• _Stored data_:
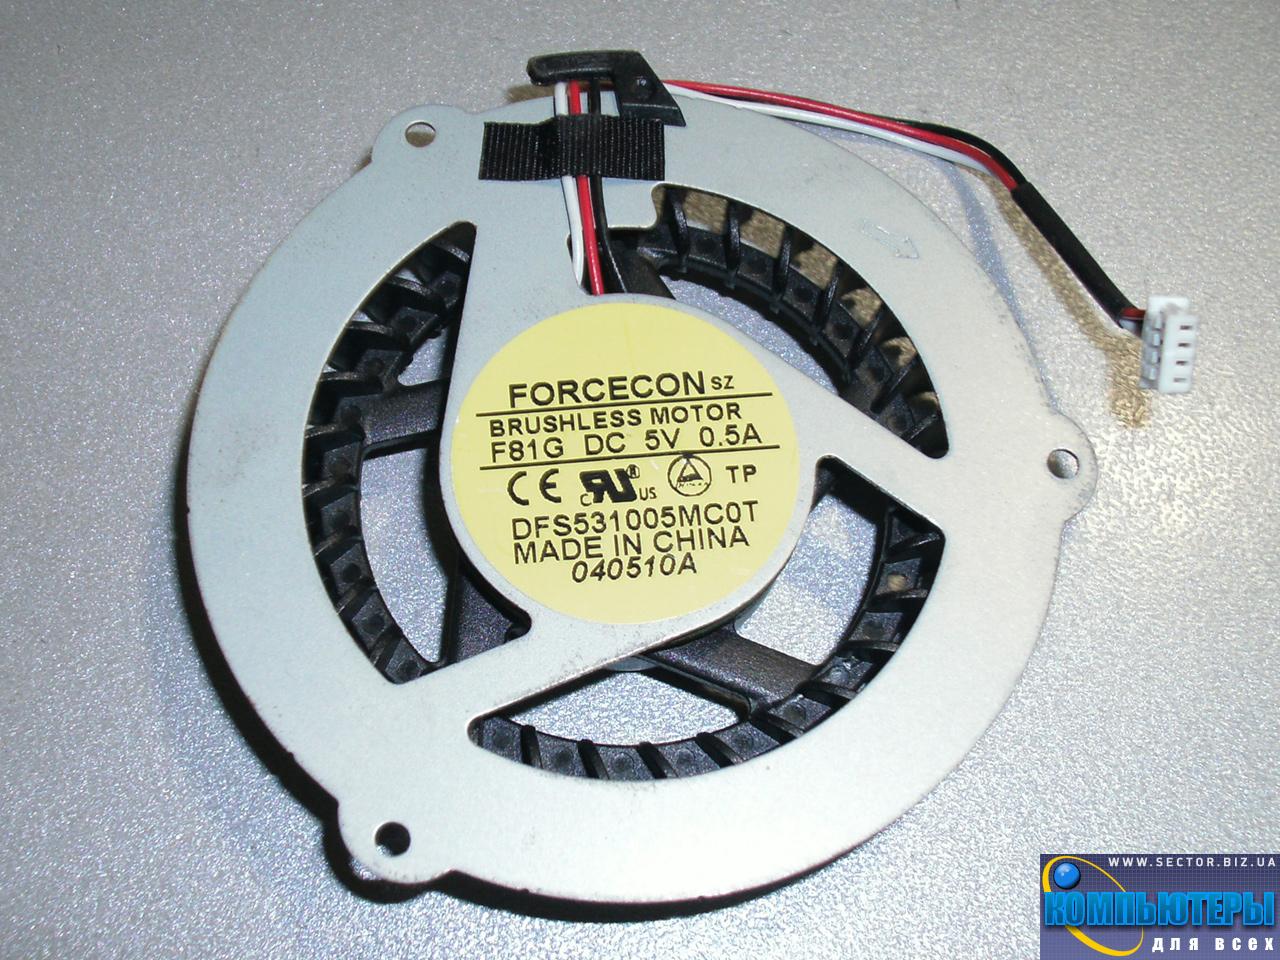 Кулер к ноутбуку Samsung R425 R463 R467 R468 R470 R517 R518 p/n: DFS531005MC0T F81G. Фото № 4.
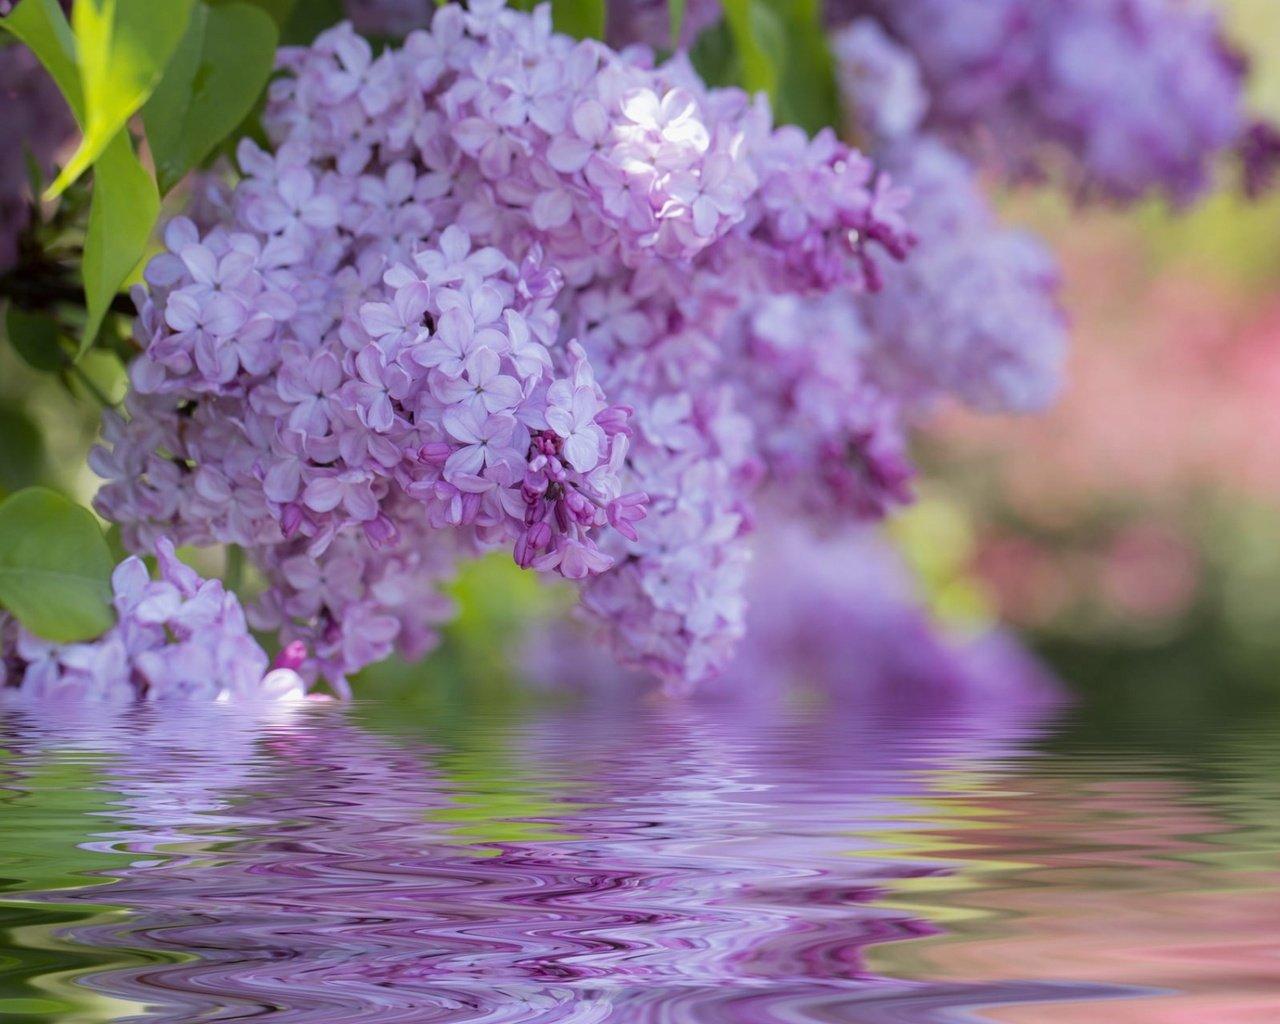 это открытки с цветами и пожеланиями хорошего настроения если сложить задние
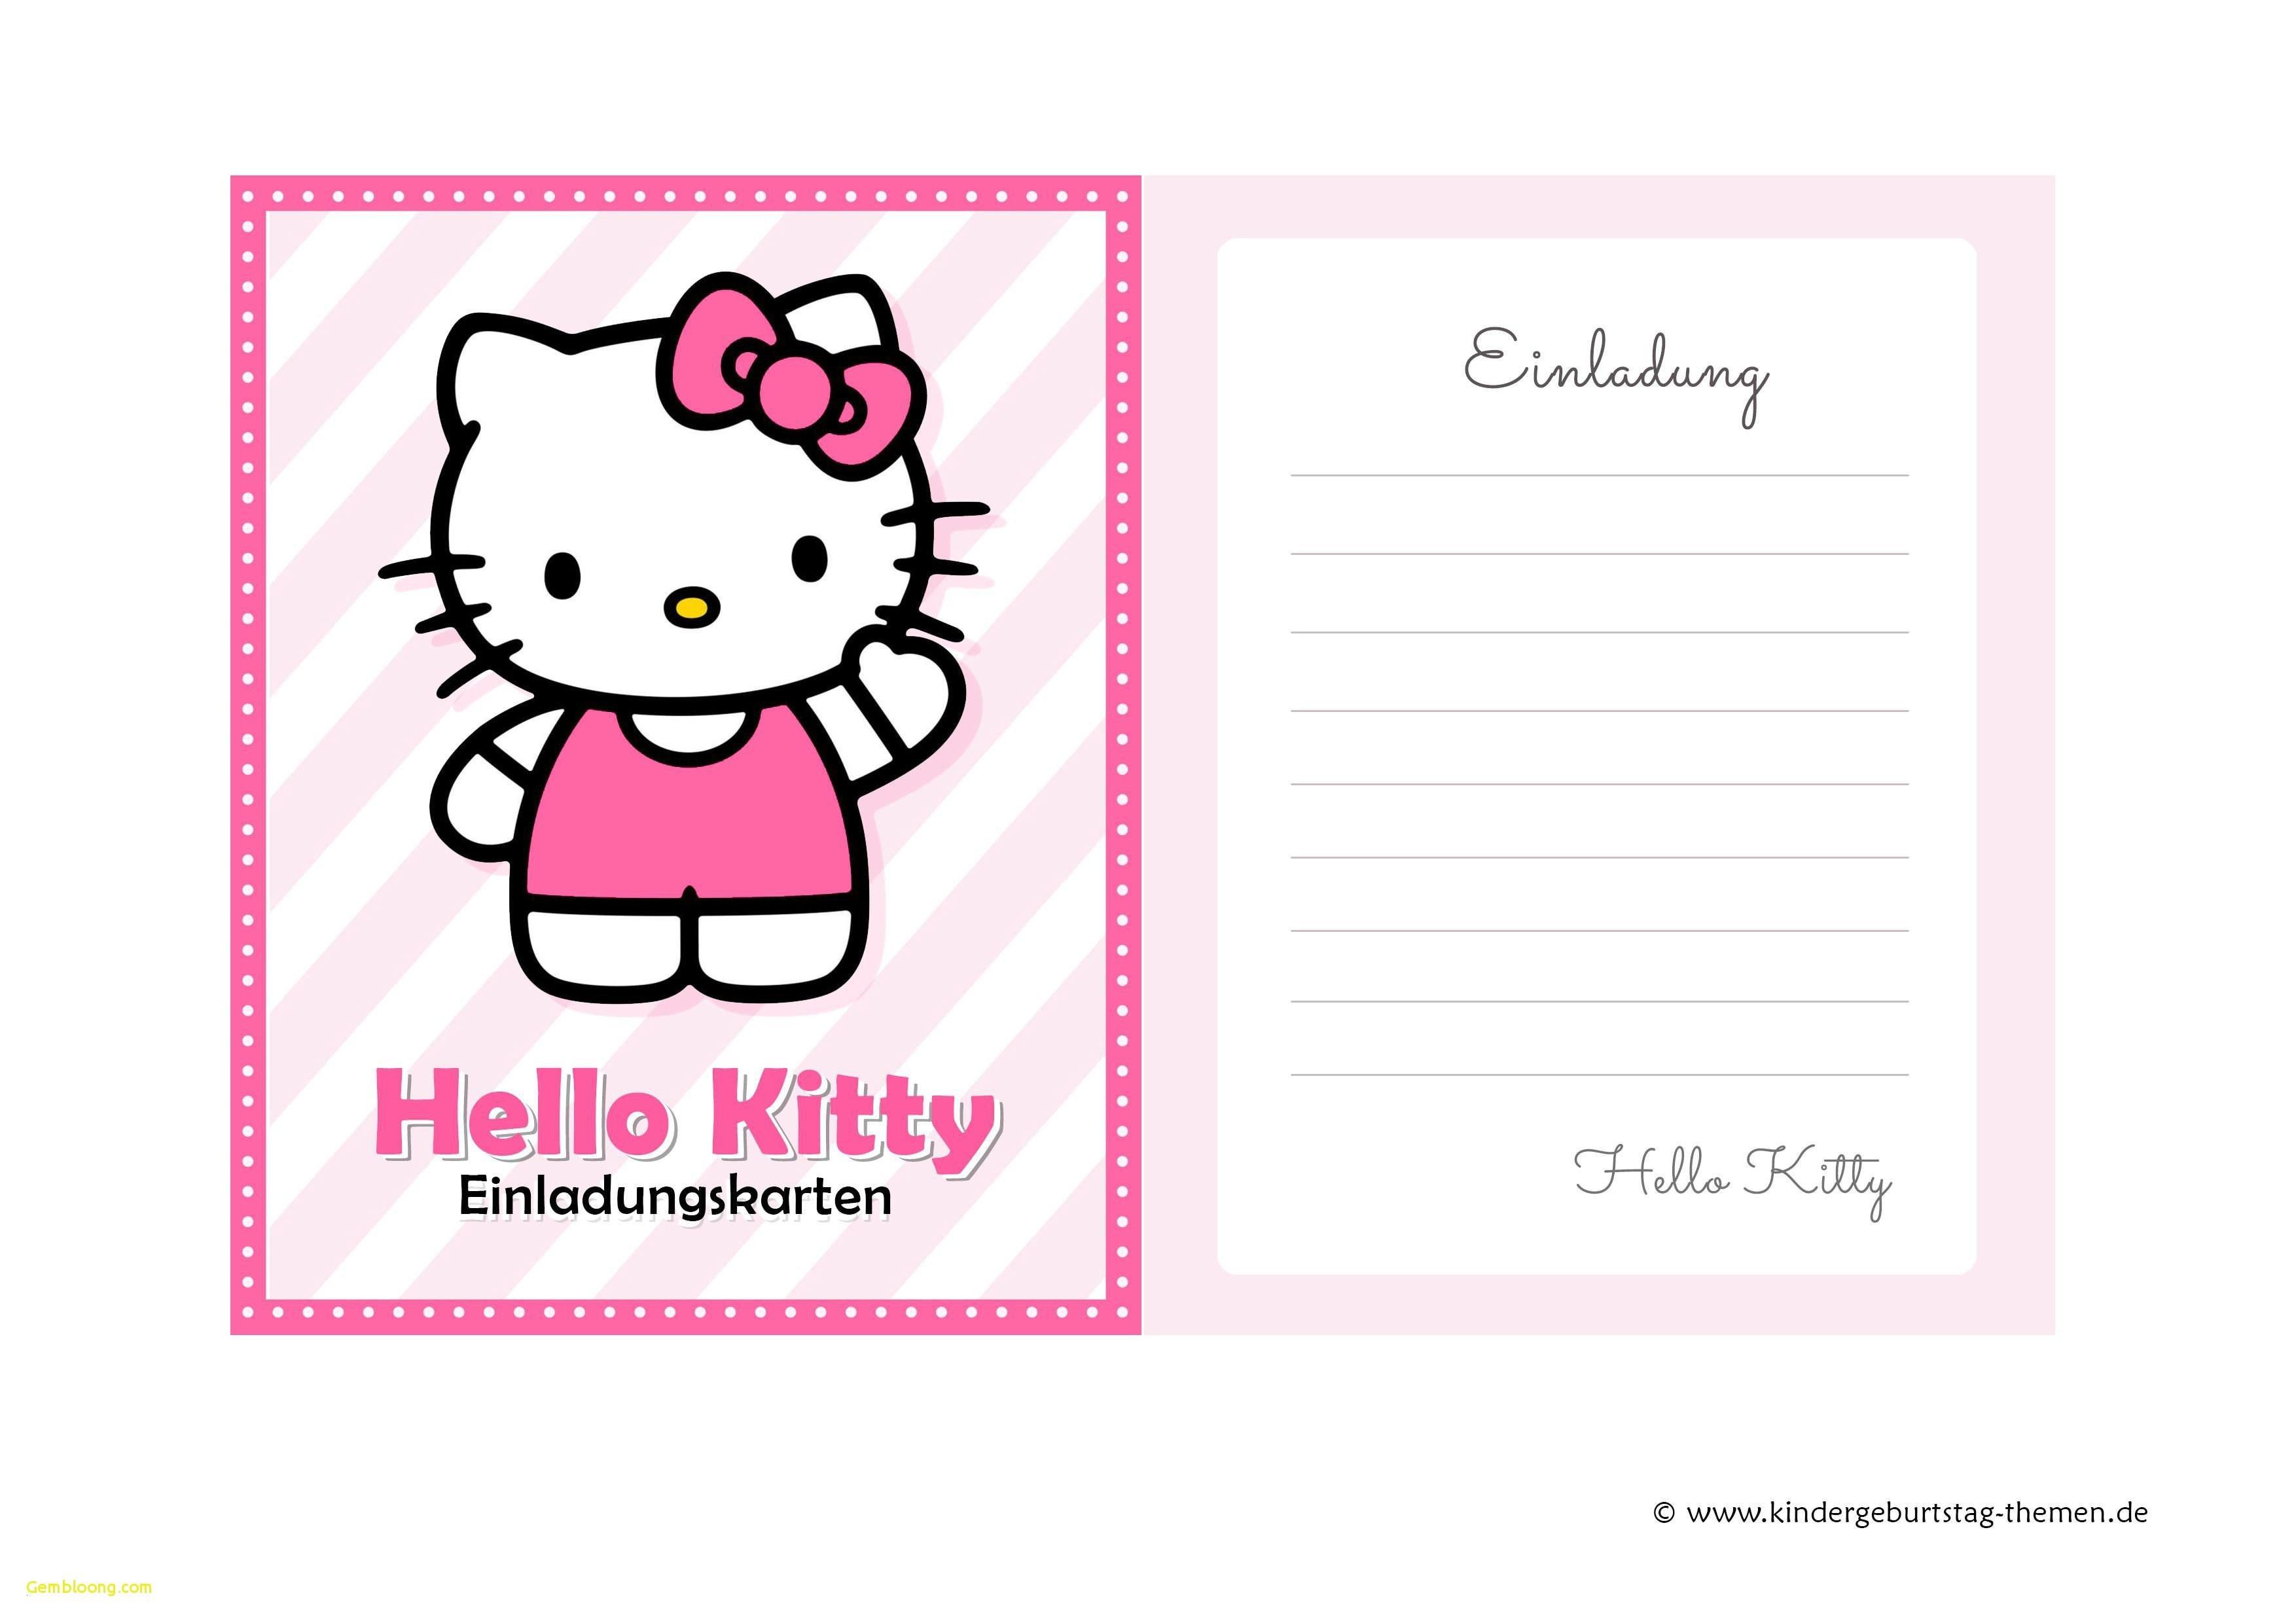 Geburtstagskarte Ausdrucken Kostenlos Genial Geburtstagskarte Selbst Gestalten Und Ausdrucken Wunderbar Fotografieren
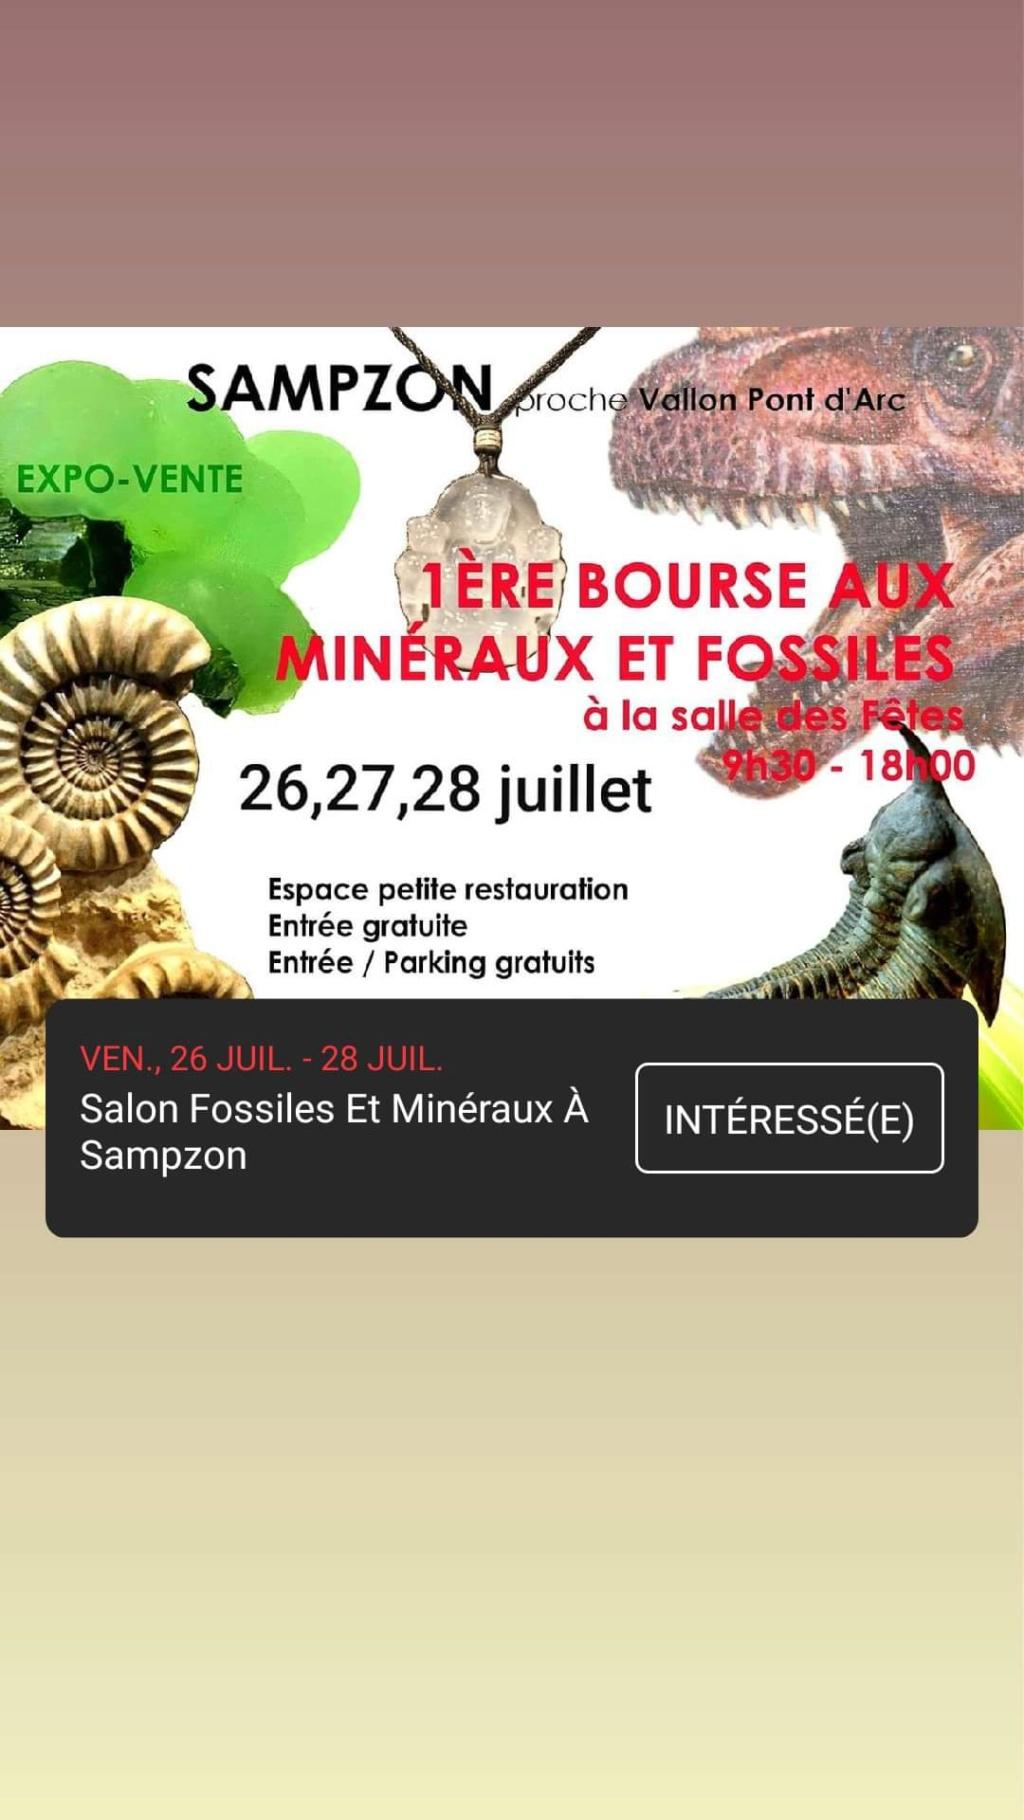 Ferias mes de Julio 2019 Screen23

• _Exercise aim_:
All of the material above is to be copied exactly, with no pictures.

• _Answer to this task_:
 Кулер к ноутбуку Samsung R425 R463 R467 R468 R470 R517 R518 p/n: DFS531005MC0T F81G. Фото № 4.
 это открытки с цветами и пожеланиями хорошего настроения если сложить задние
 Geburtstagskarte Ausdrucken Kostenlos Genial Geburtstagskarte Selbst Gestalten Und Ausdrucken Wunderbar Fotografieren
 Ferias mes de Julio 2019 Screen23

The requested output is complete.